* _Instructions for the task_
Throughout the material, some lines may have the word "Fabric". Count them and give the number only.

* _Source data_

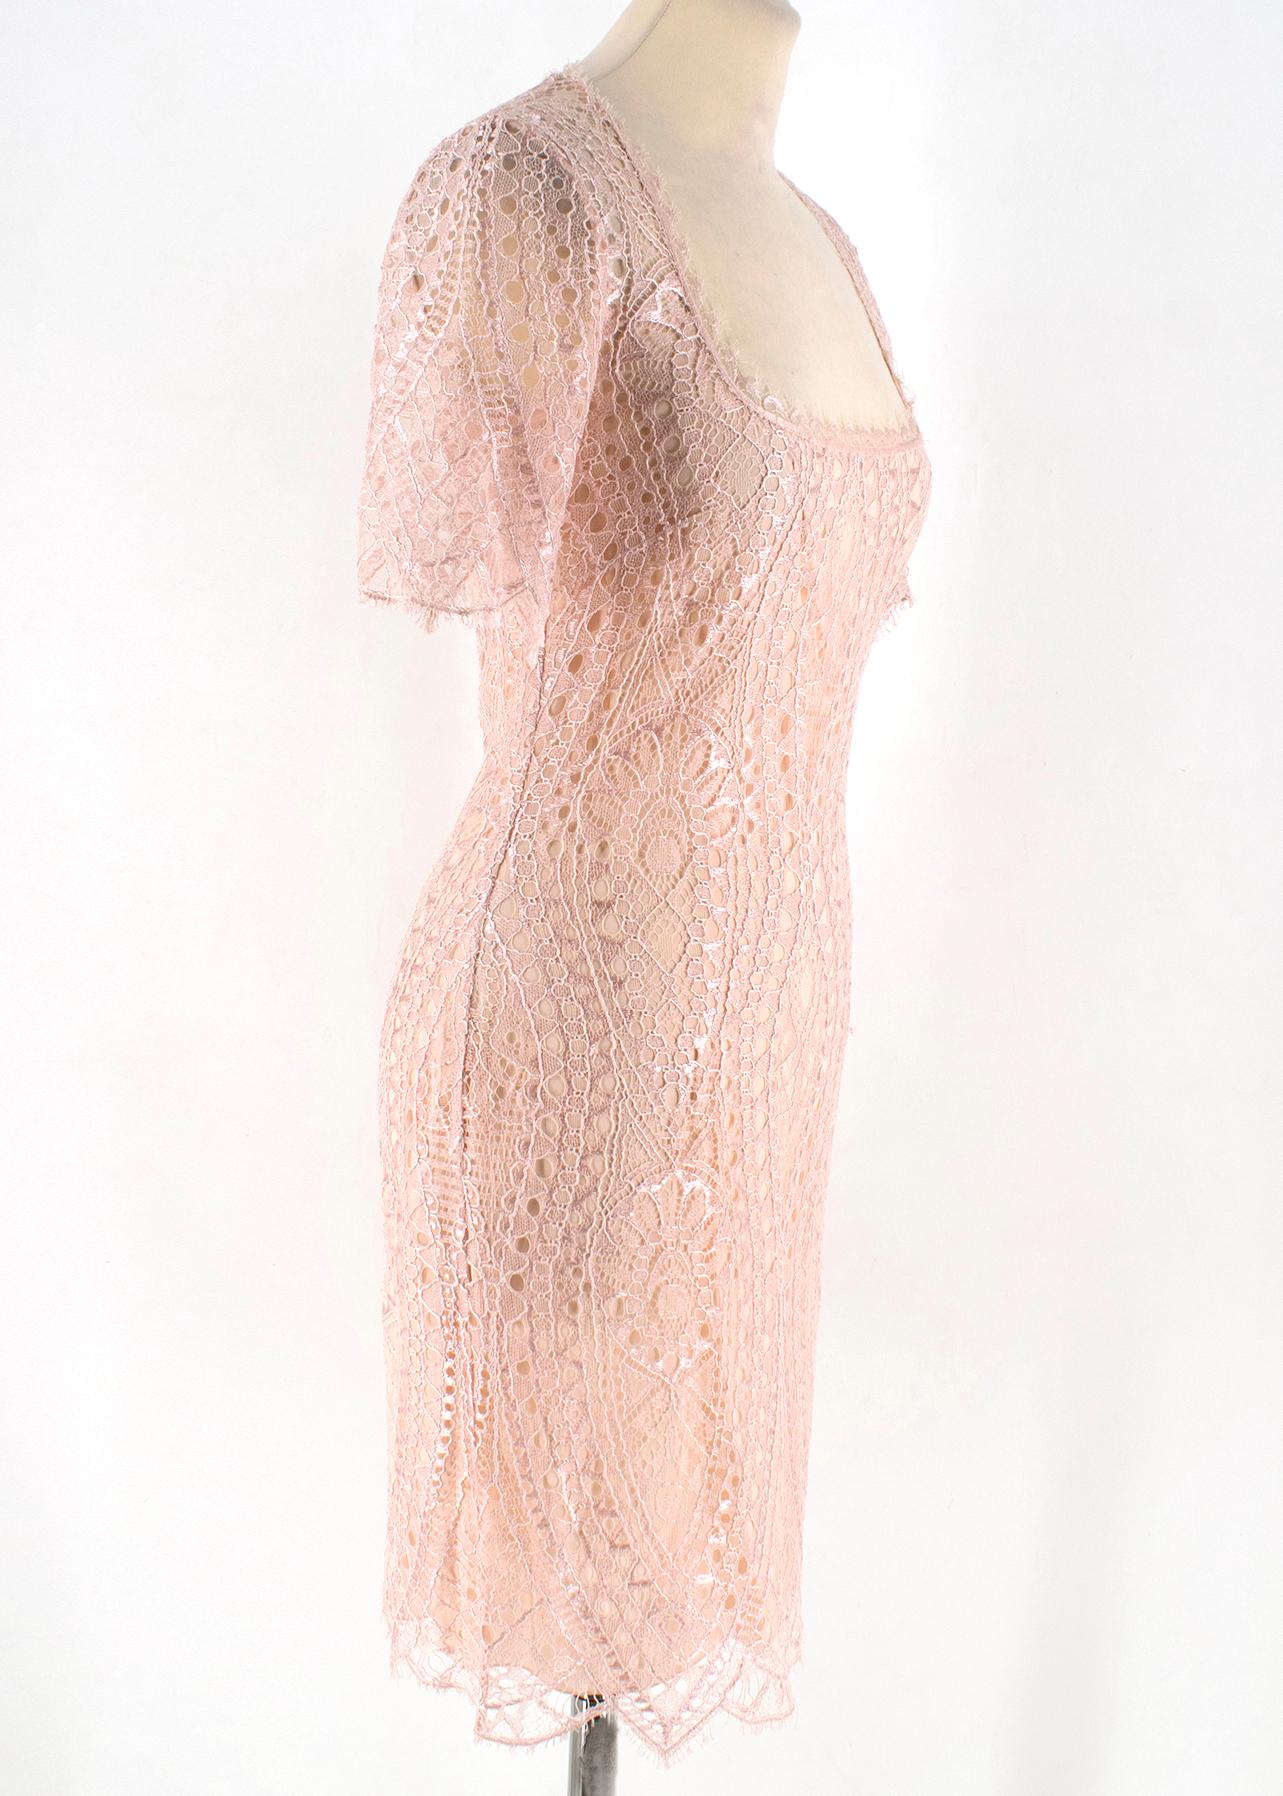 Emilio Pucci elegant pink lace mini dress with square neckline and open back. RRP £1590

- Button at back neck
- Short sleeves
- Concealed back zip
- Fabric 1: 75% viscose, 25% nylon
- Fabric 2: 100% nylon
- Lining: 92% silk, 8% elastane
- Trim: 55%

* _Answer box_
2